HOWLAND — Tim Ryan, who filed petitions Wednesday to run for re-election to Congress, told a gathering that “the veil of corruption” has been lifted in the Mahoning Valley and an economic revival is under way.

He said momentum is building from investments being made by General Motors, V&M Star Steel and a San Francisco research company.

“We can get back to where we were in the ’40s, ’50s and ’60s,” Ryan told about 225 people at Leo’s Ristorante here. “We are primed to make it happen. This is going to be the miracle on the Mahoning [River].”

Ryan, of Niles, D-17th, didn’t mention the upcoming election in his speech at a Youngstown/Warren Regional Chamber luncheon, but afterward he went to the Trumbull County Board of Elections to file his petitions to run for his fifth term.
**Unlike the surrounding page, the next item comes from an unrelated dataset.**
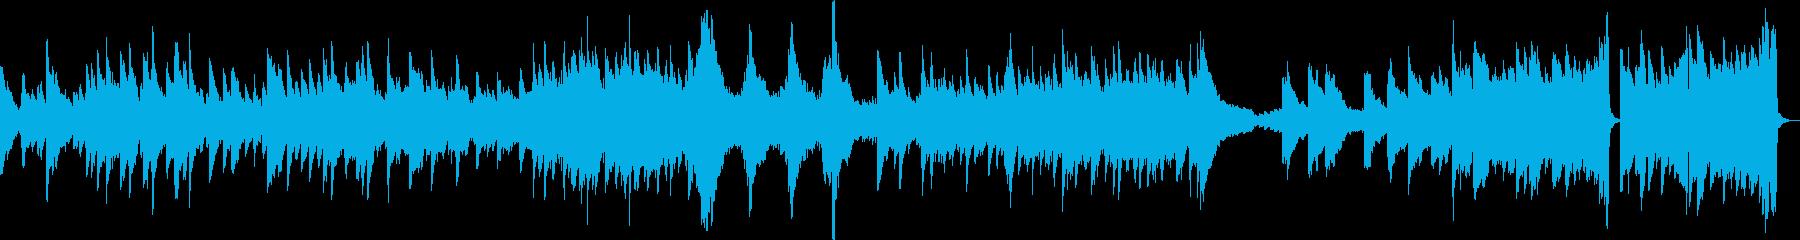 刻々と迫る危機(ピアノ、緊迫)の再生済みの波形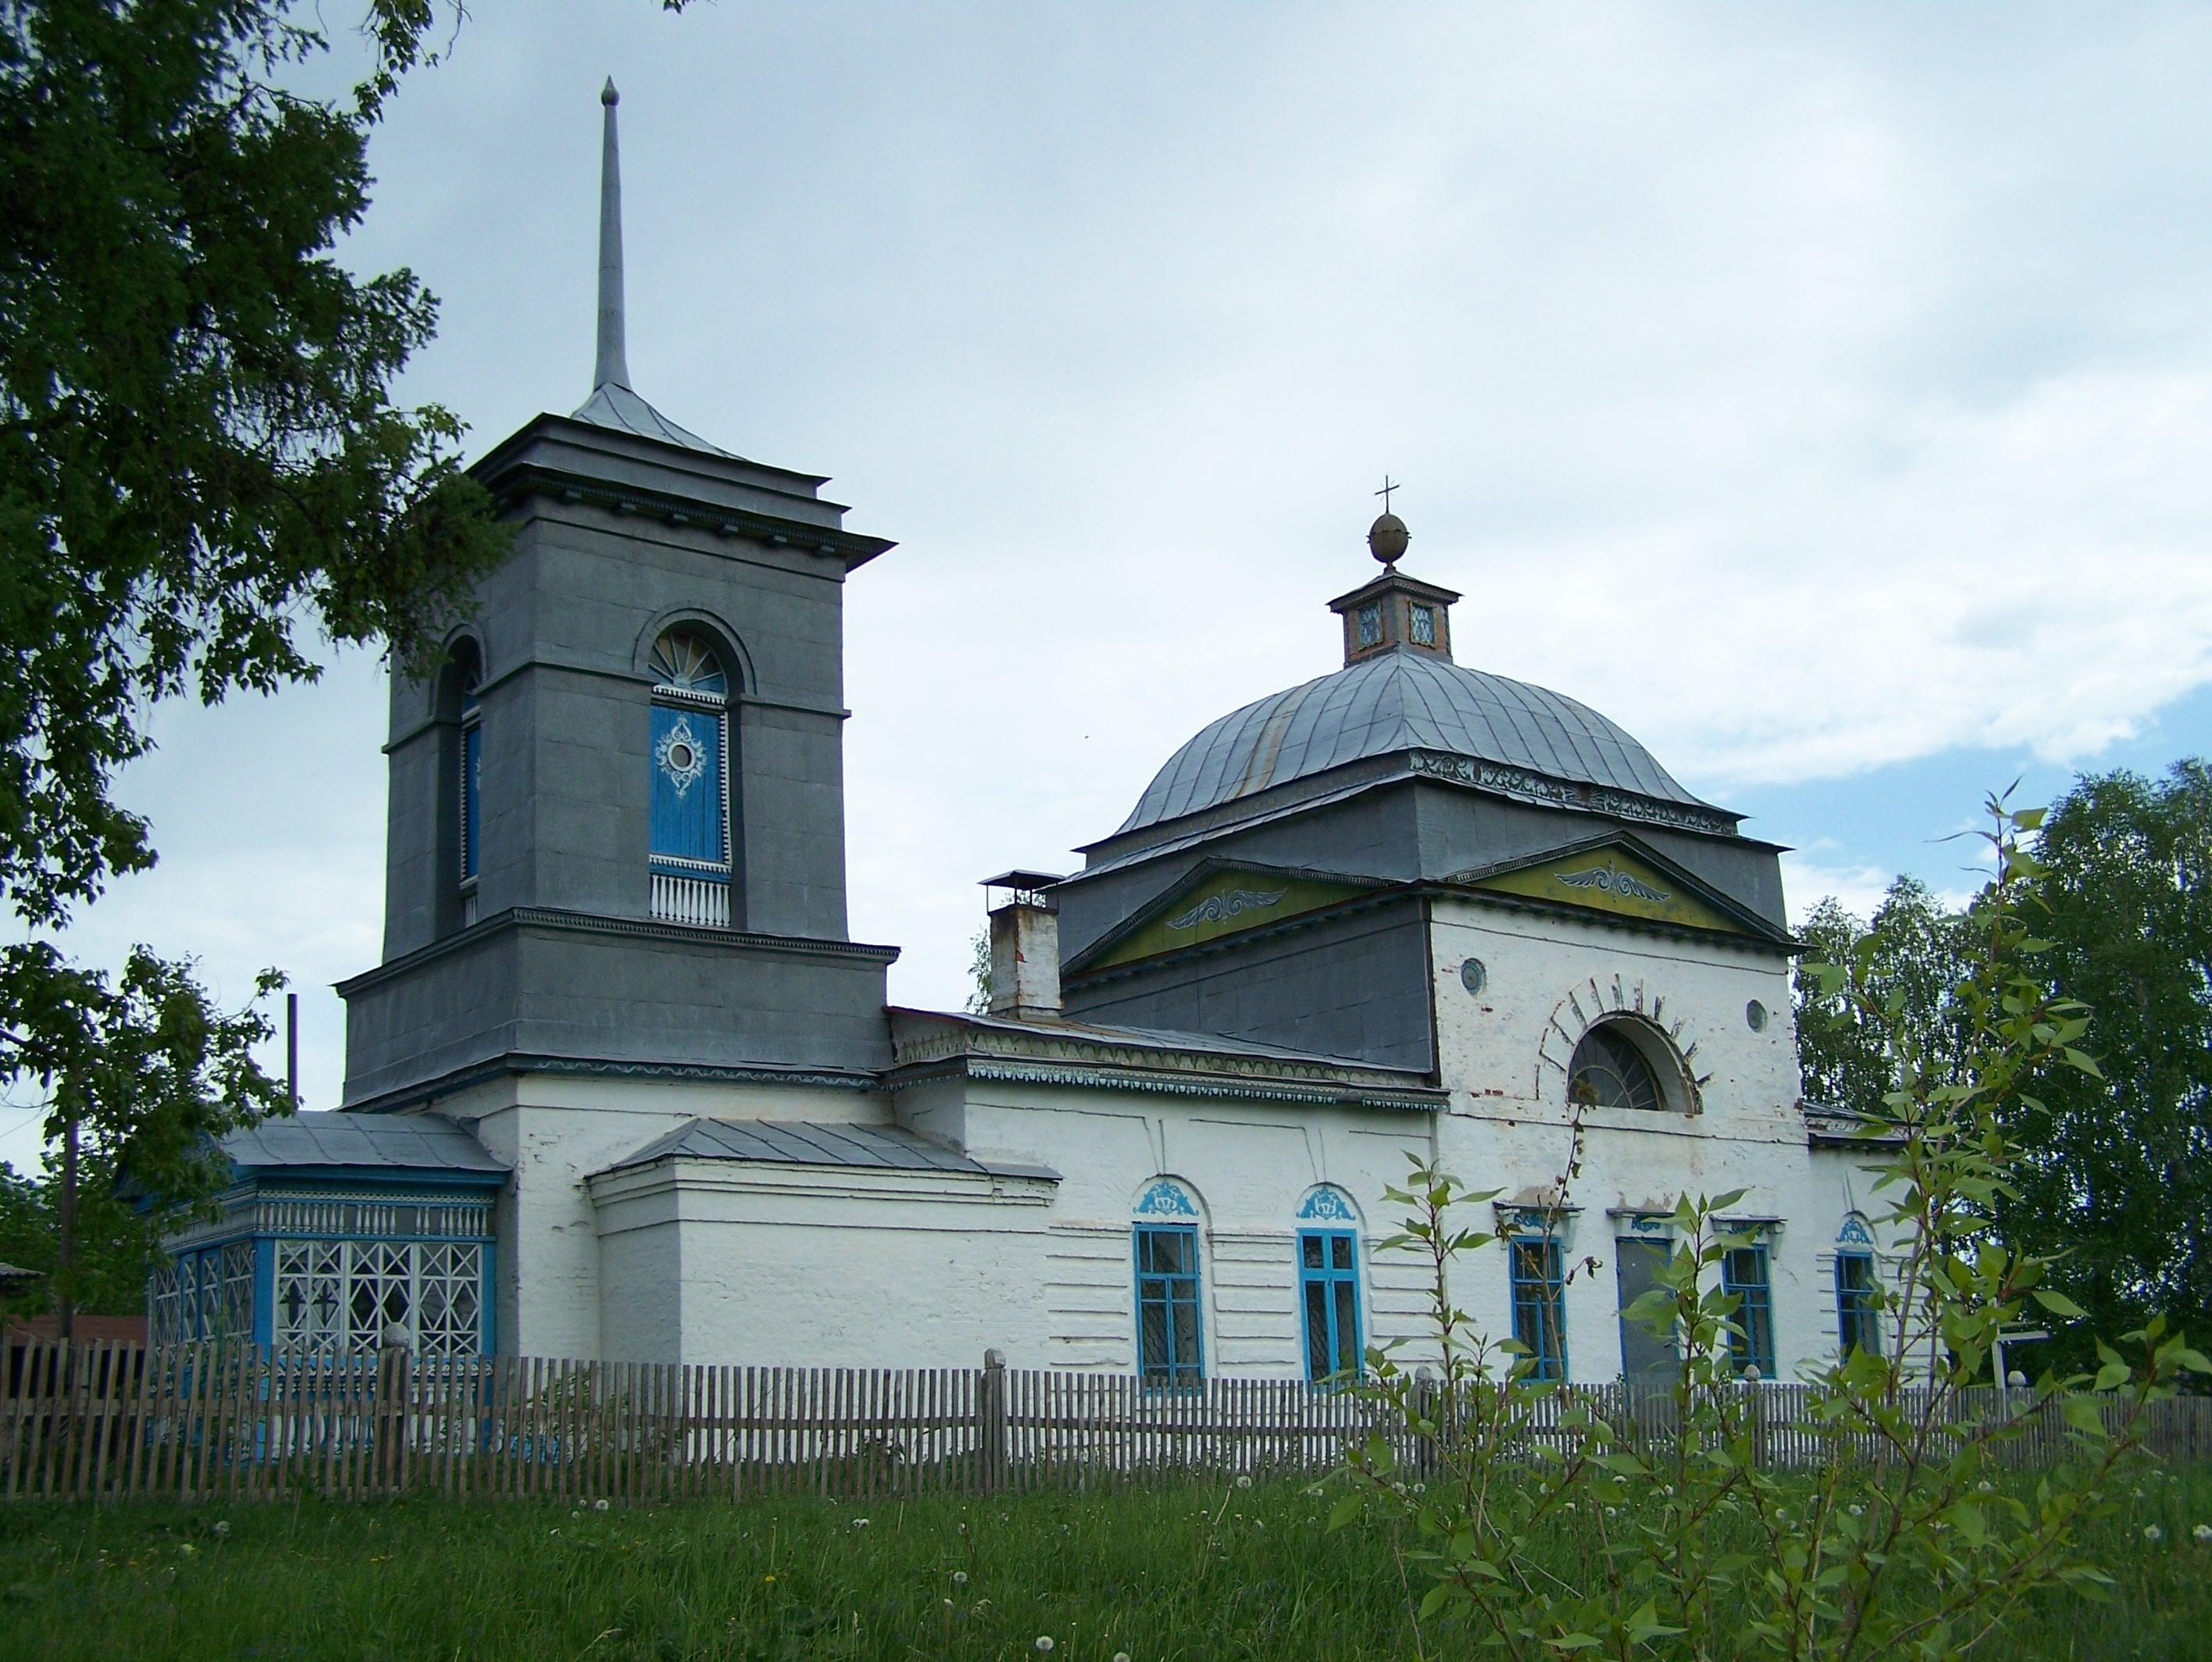 открытки церкви октябрьского района пермского края

“We’re not done yet. There’s more work to be done, and I’m excited to do it,” Ryan said in an interview after the luncheon.

Ex-Girard Councilman Dan Moadus has filed to run against Ryan in the May primary. M.E. “Bing” Henderson of Tallmadge is running for the Republican nomination for the district, which covers portions of Mahoning, Trumbull, Portage and Summit counties.

Ryan started his speech by saying the key to attracting recent corporate investments has been an effort to establish “political credibility.” He said corporate executives would not invest in this area in the past because they were concerned they would have to pay bribes to politicians.

“We have lifted the veil of corruption in the Mahoning Valley, and things are happening because of that,” he said.

Also assisting in the area’s new image have been labor-management cooperation, establishing research centers at Youngstown State University, business incubators in Youngstown and Warren, the chamber’s international business recruiting efforts and the beefing up the Western Reserve Port Authority and its financing abilities, he said.

A decade ago, the area was not prepared for the telecommunications and Internet revolutions.

“We flat out missed them in this community. We had our head buried in the sand,” he said.

Now, the area is preparing to be part of business expansions in the clean-energy industry, he said, noting that the incubator in Warren is focusing on developing technology for that industry.

Plus, private investors who are creating a clean-technology incubator in the Ohio Works Industrial Park in Youngstown have been researching empty industrial buildings in the area so they can have places for spin-off companies to locate, he said.

Job announcements this week show how perceptions of the Valley are changing across the nation and abroad, he said.

V&M Star, which is owned by a French company, chose Youngstown for its new $650 million pipe mill.

Revere Data, a San Francisco firm, is creating a 10-person staff in downtown Youngstown that could reach 100 in two years. Revere, which provides information to institutional investors, is moving the work from India because of this area’s low operating costs and stable work force.

Ryan, who praised the chamber for its recent trips to Asia and Israel, said the remarks from Revere officials caused him to think he should travel to India and New York to promote the Valley to other companies that do similar work.

“We’re moving in the right direction, and the world is watching,” he said.